Go through the listing below and repeat it exactly, omitting each picture.

Stored data:
++++++++

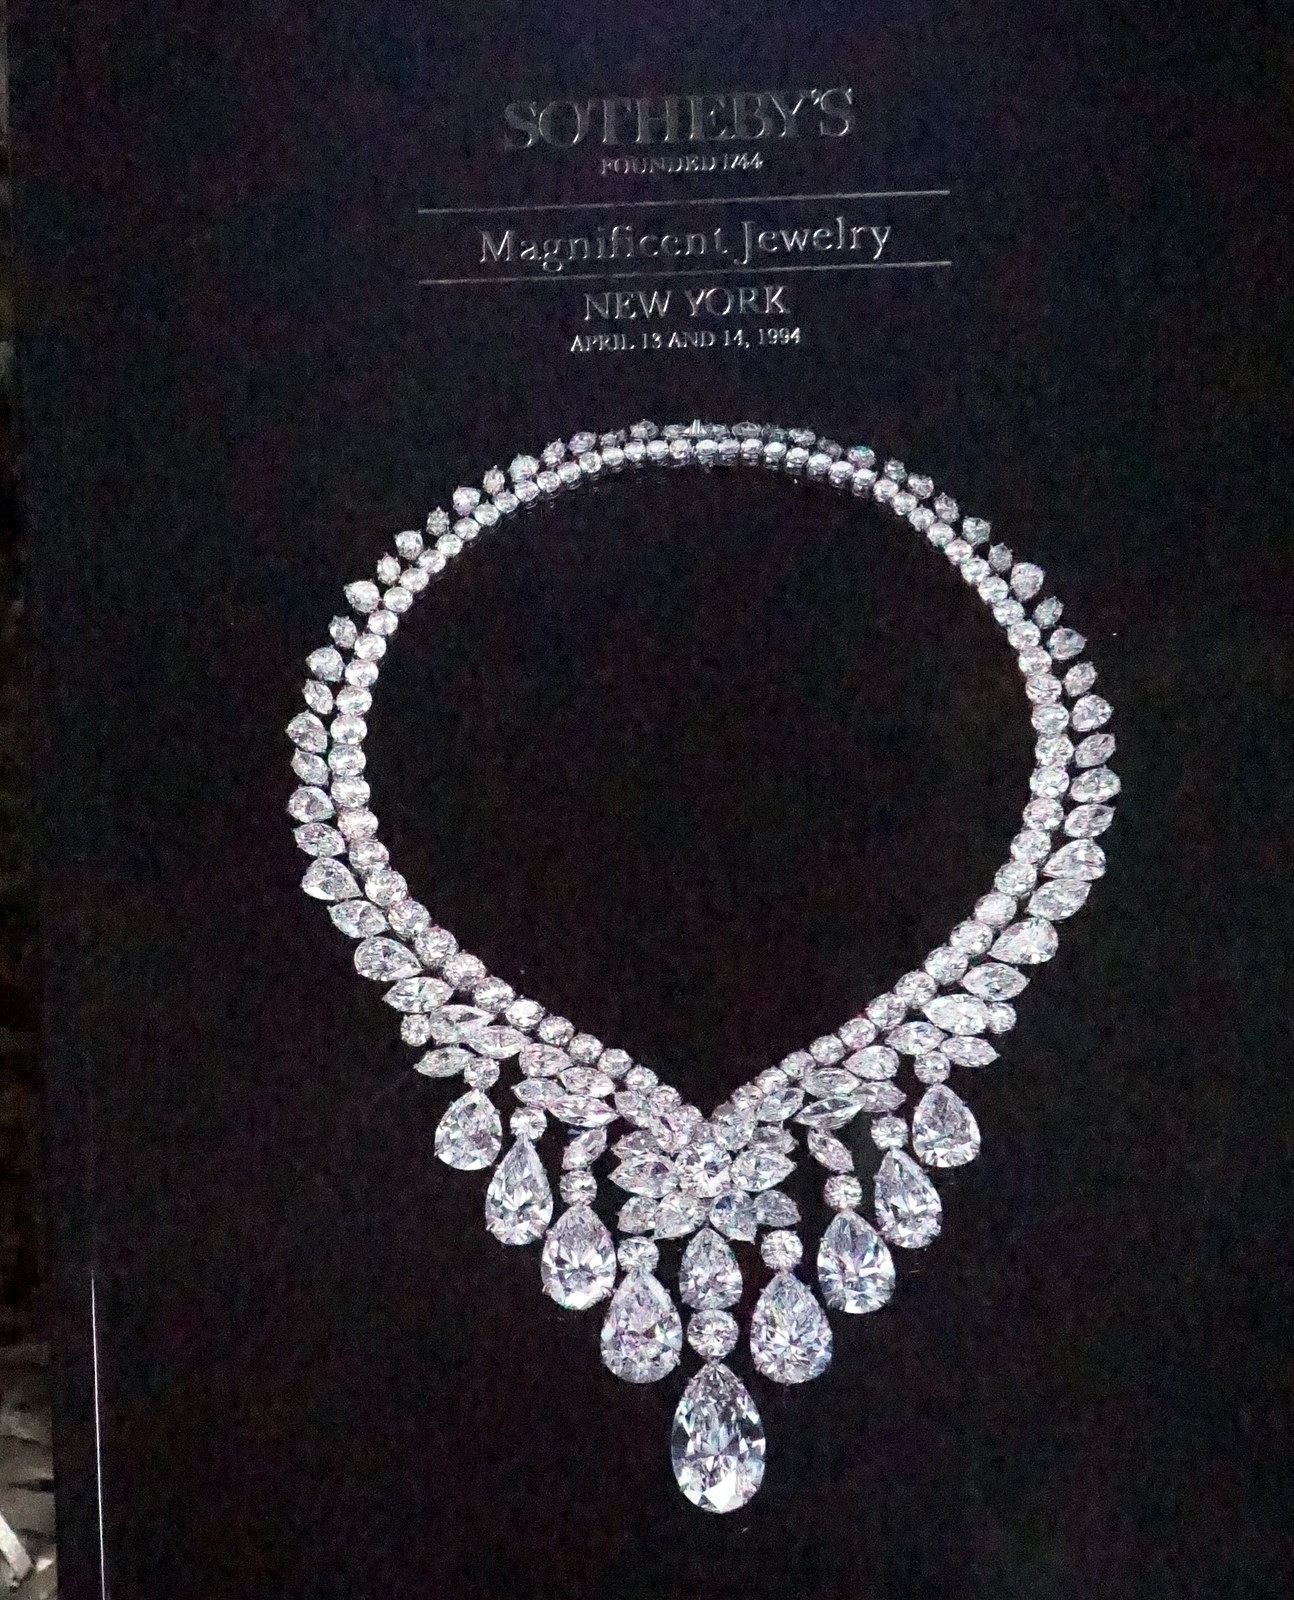 IH SOTHEBY'S MAGNIFICENT JEWELS NEW YORK 4/13/94 AND 4/14/94 SALE CODE
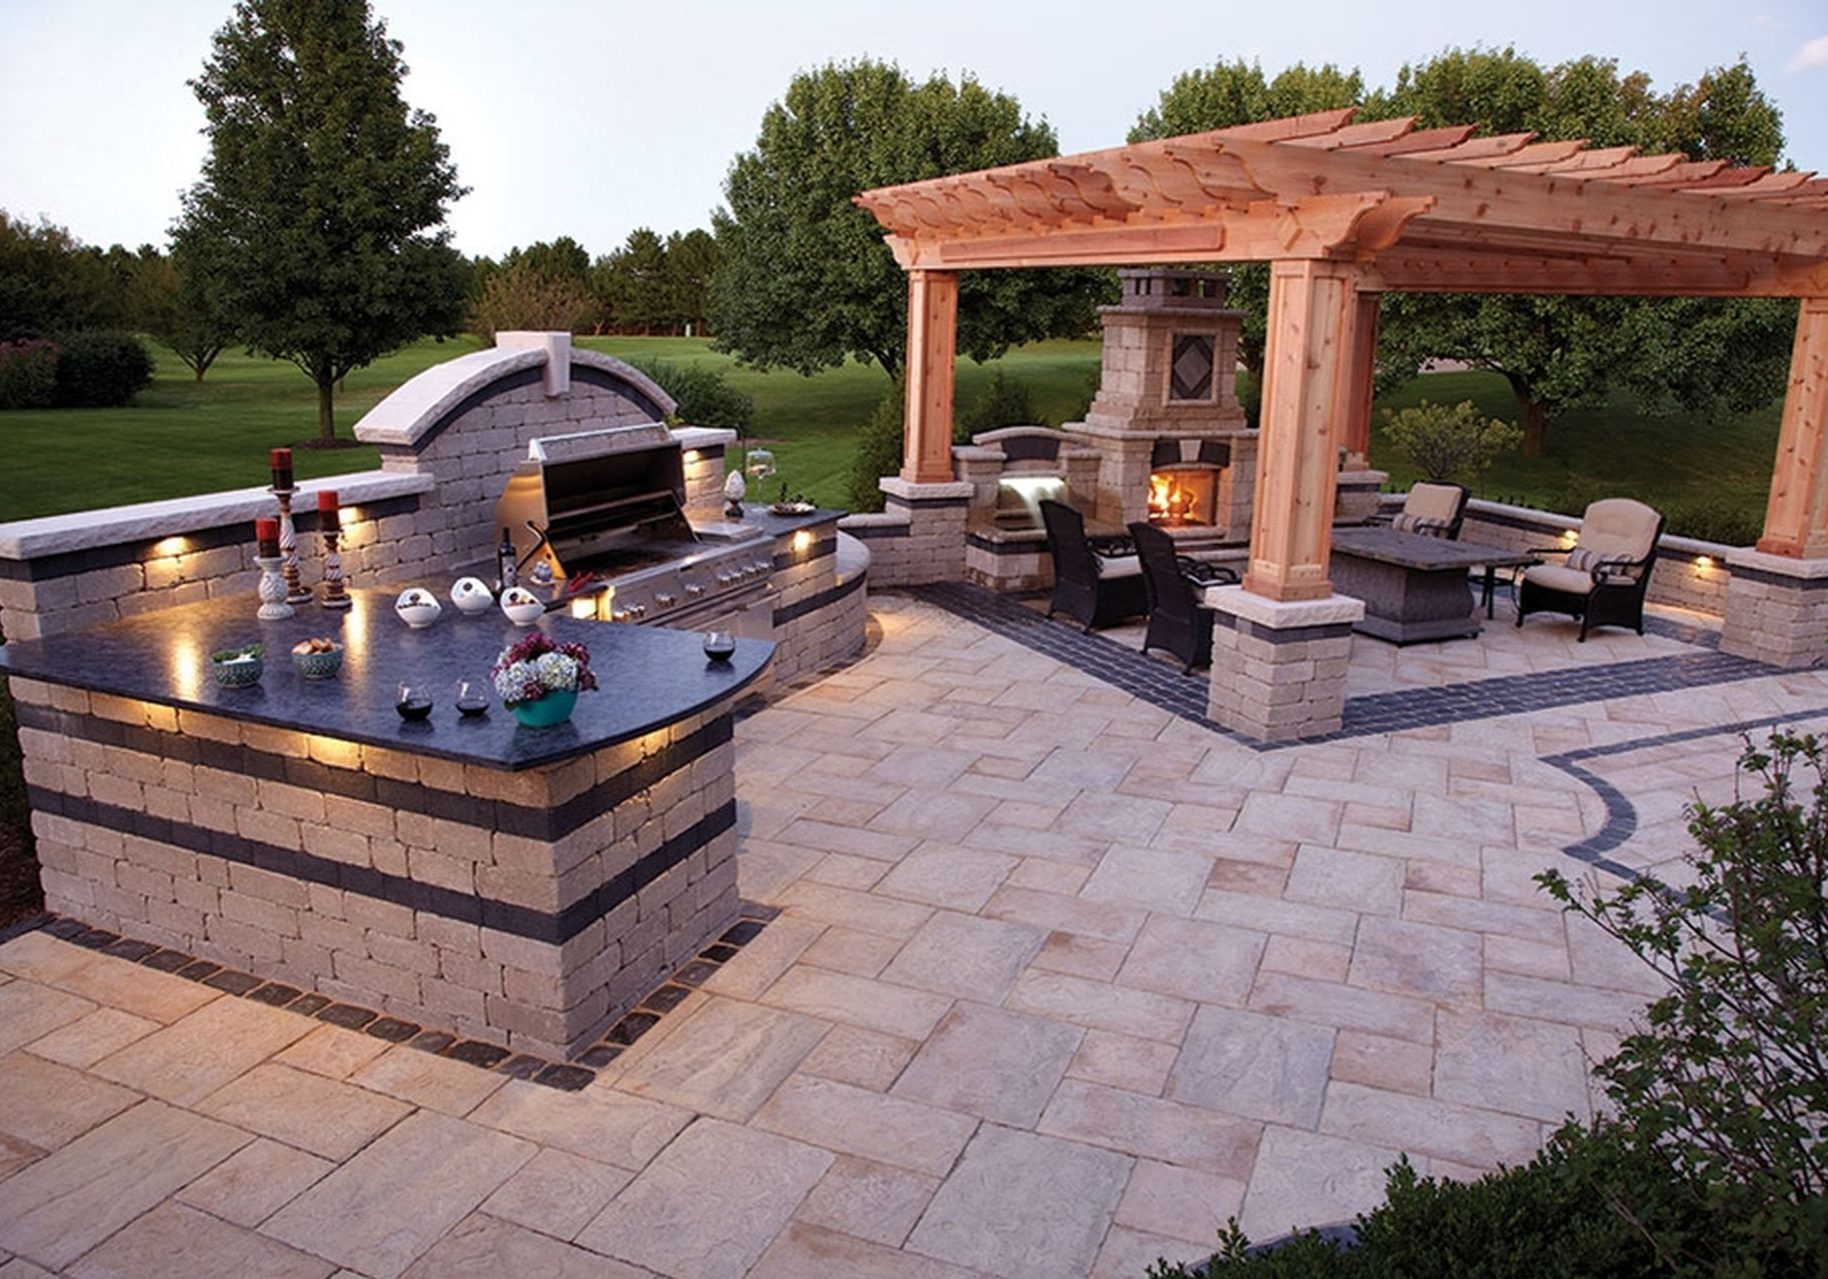 A patio with an outdoor kitchen and fireplace.
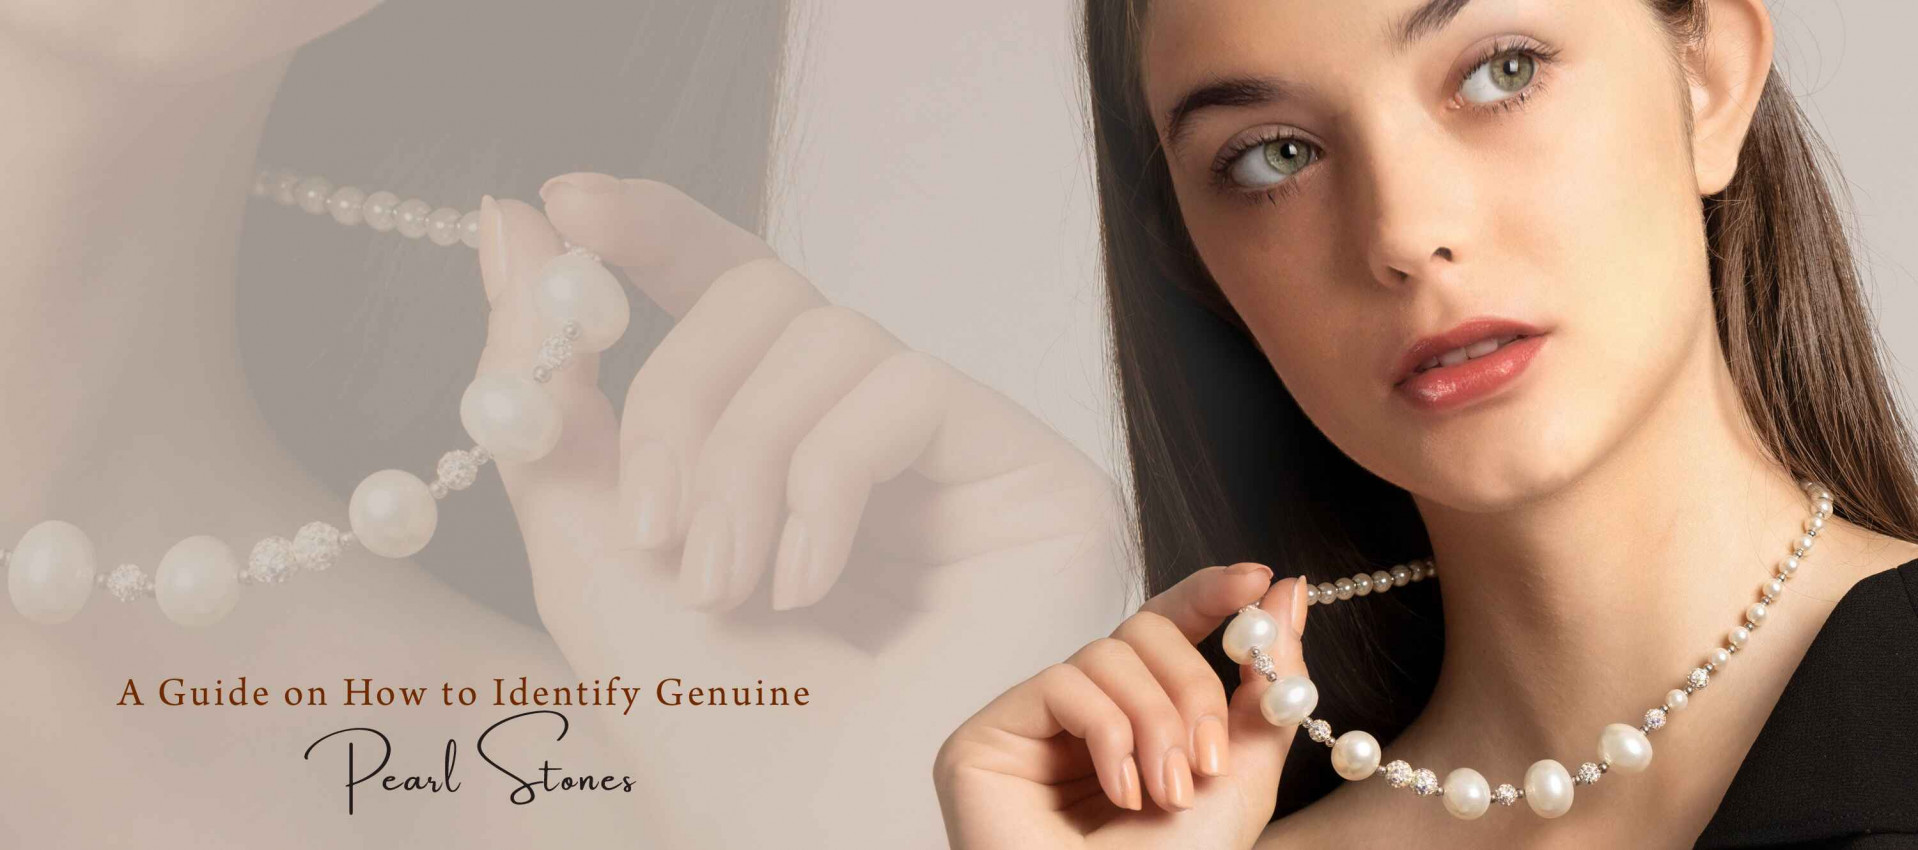 A Guide on How to Identify Genuine Pearl Stones

++++++++

Reply:
 IH SOTHEBY'S MAGNIFICENT JEWELS NEW YORK 4/13/94 AND 4/14/94 SALE CODE
 A patio with an outdoor kitchen and fireplace.
 A Guide on How to Identify Genuine Pearl Stones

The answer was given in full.